William Roger Reaves, of Georgia, is one of the best to ever do it when it comes to the international smuggling of drugs. In the 1980s, he had close ties to the Medellin Cartel and its leadership, Pablo Escobar and Jorge Ochoa. He reportedly was responsible for $5 billion worth of cocaine entering into the United States. Like most in that life, Reaves was busted. In July 2001, he was knocked in a $400 million cocaine bust. It remains one of the largest drug busts in the history of “The Land Down Under,” doubling the previous largest shipment. In 2002, he was originally sentenced to life with a minimum of 14 years, but that minimum was increased to 18 years. During his time in the joint, he became an author, penning a text about the his rise to the highest and crash to the lowest low. The book is titledSmuggler.

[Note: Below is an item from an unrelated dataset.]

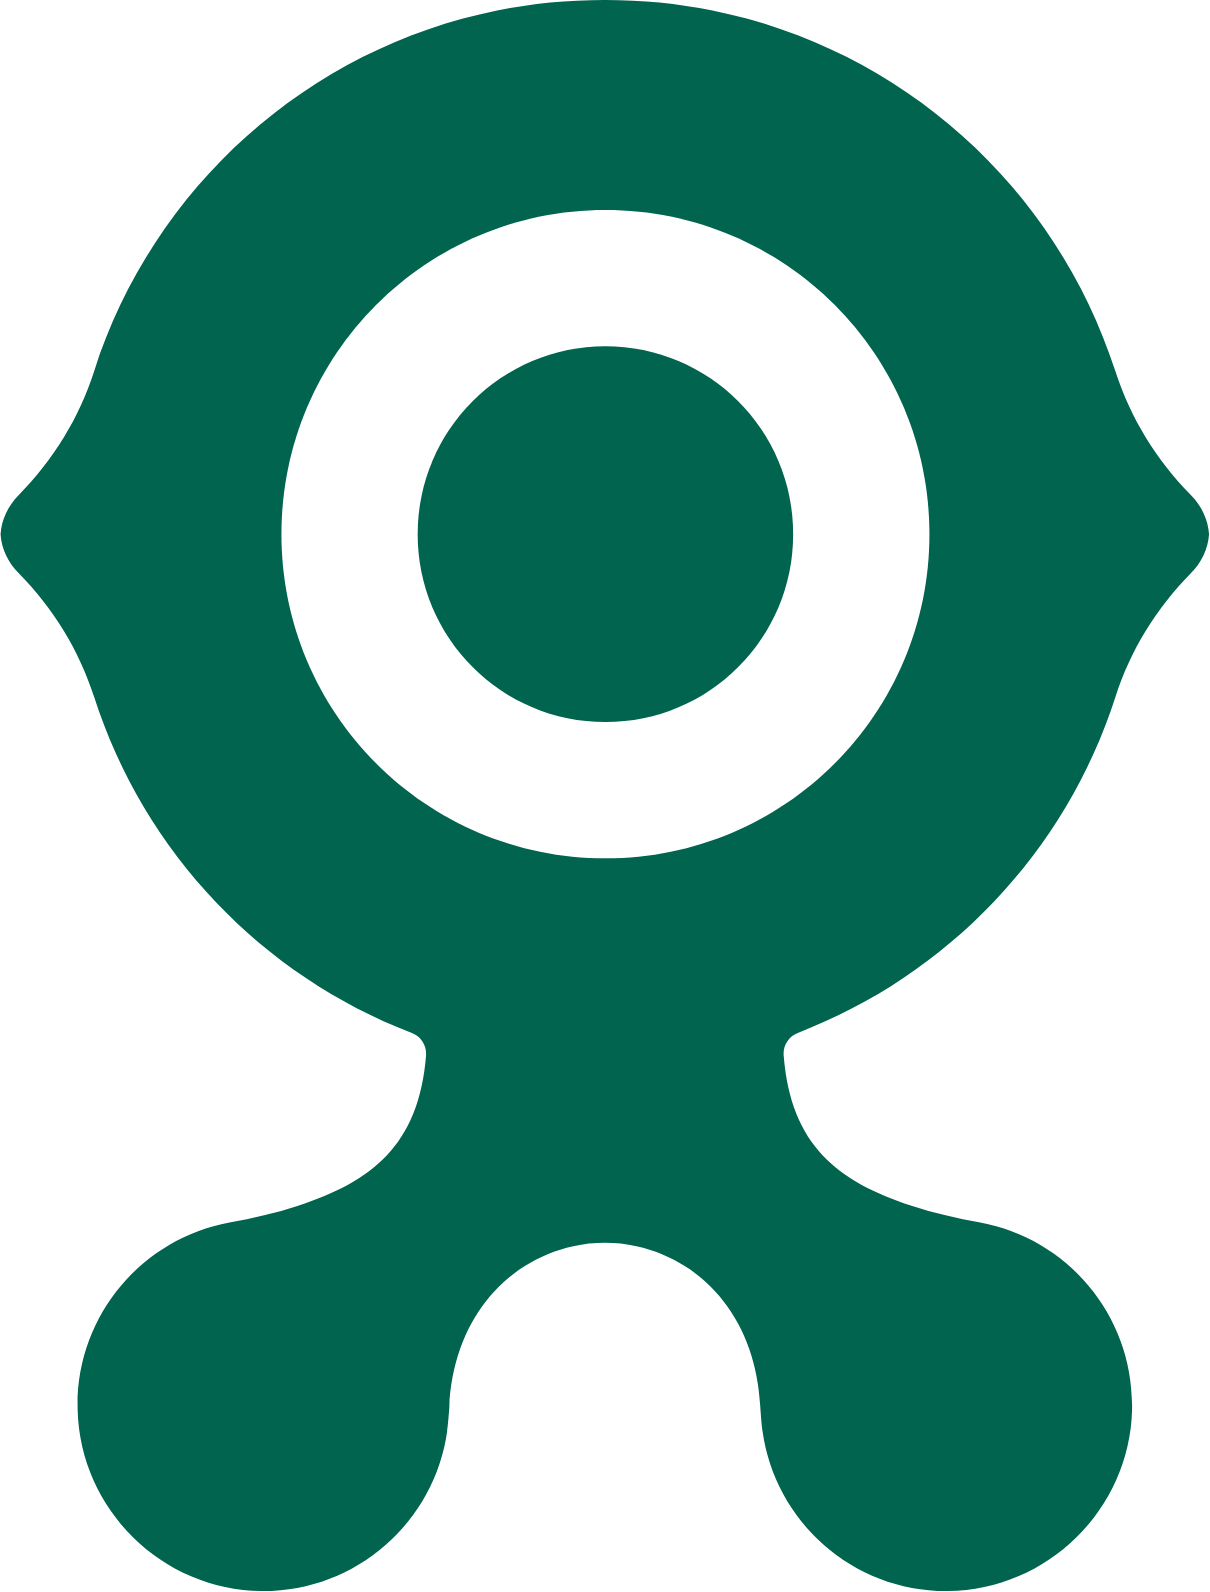 Gojek Logo - PowerFleet logo in transparent PNG and ...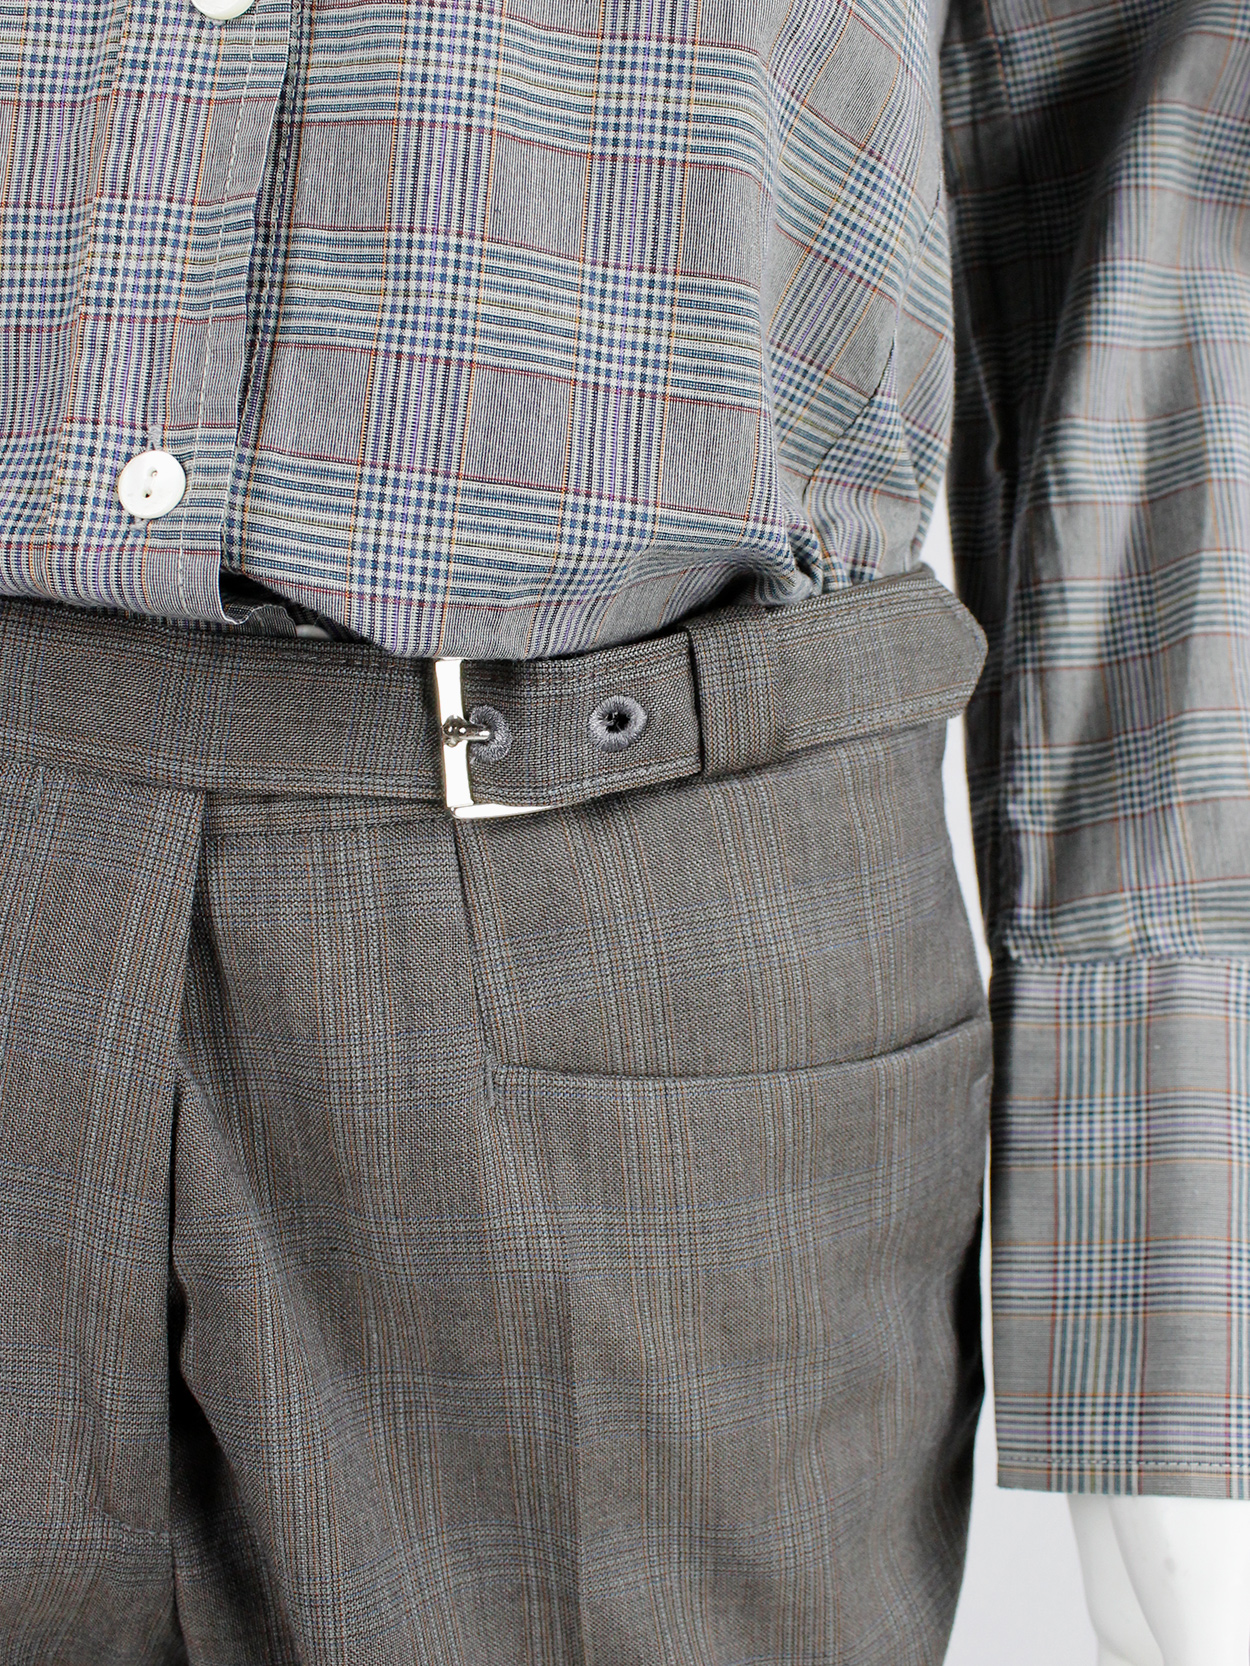 Maison Martin Margiela brown tartan trousers with side belt detail fall 2004 (9)

Yahoo details Reaves’ career:
That business flew hundreds of massive stashes of marijuana, hashish and cocaine into the US and sailed 20-tonne shipments from Pakistan to Thailand. He also describes how he met and later hired pilot Barry Seal to fly tonnes of cocaine around the world, landing at a small airfield in Mena, Arkansas, where a politician called Bill Clinton was the state’s governor.
After Seal was arrested, tried and convicted, he became an informant for US authorities until his murder by Colombian assassins in 1986.
A Hollywood film of Seal’s life is in production with Tom Cruise in the lead role.
In Reaves’ book Smuggler he describes how he personally earned $US7 million in just months at the height of the trade and was so influential that Escobar built him a 1000ft (304m) runway in the South American jungle to pick up tonnes of cocaine.
He also details how after a calamitous final journey to the WA coast, he and his accomplices scuttled their boat The White Dove, then ferried almost a tonne of cocaine ashore on dinghies before being arrested at gunpoint and driven to Geraldton by police.
This year, on his 73rd birthday, Reaves received an arrest warrant from the US stating that he owes the government 7934 days (21 years and nine months) in jail for a parole violation. He wrote, “I made untold millions and lived a life few can believe — and I have paid dearly, with interest, for the privilege.”
Furthermore, the Australian Federal Police are considering activating Proceeds of Crime legislationagainst Reaves for the book. According to Yahoo:
Within that legislation are specific guidelines on “literary proceeds” which allow the Commonwealth to recover any profits made through “any commercial exploitation of the notoriety gained from committing an offence”.
An AFP spokesman confirmed it was aware of Reaves’ book but “could not confirm or deny who it is currently investigating”.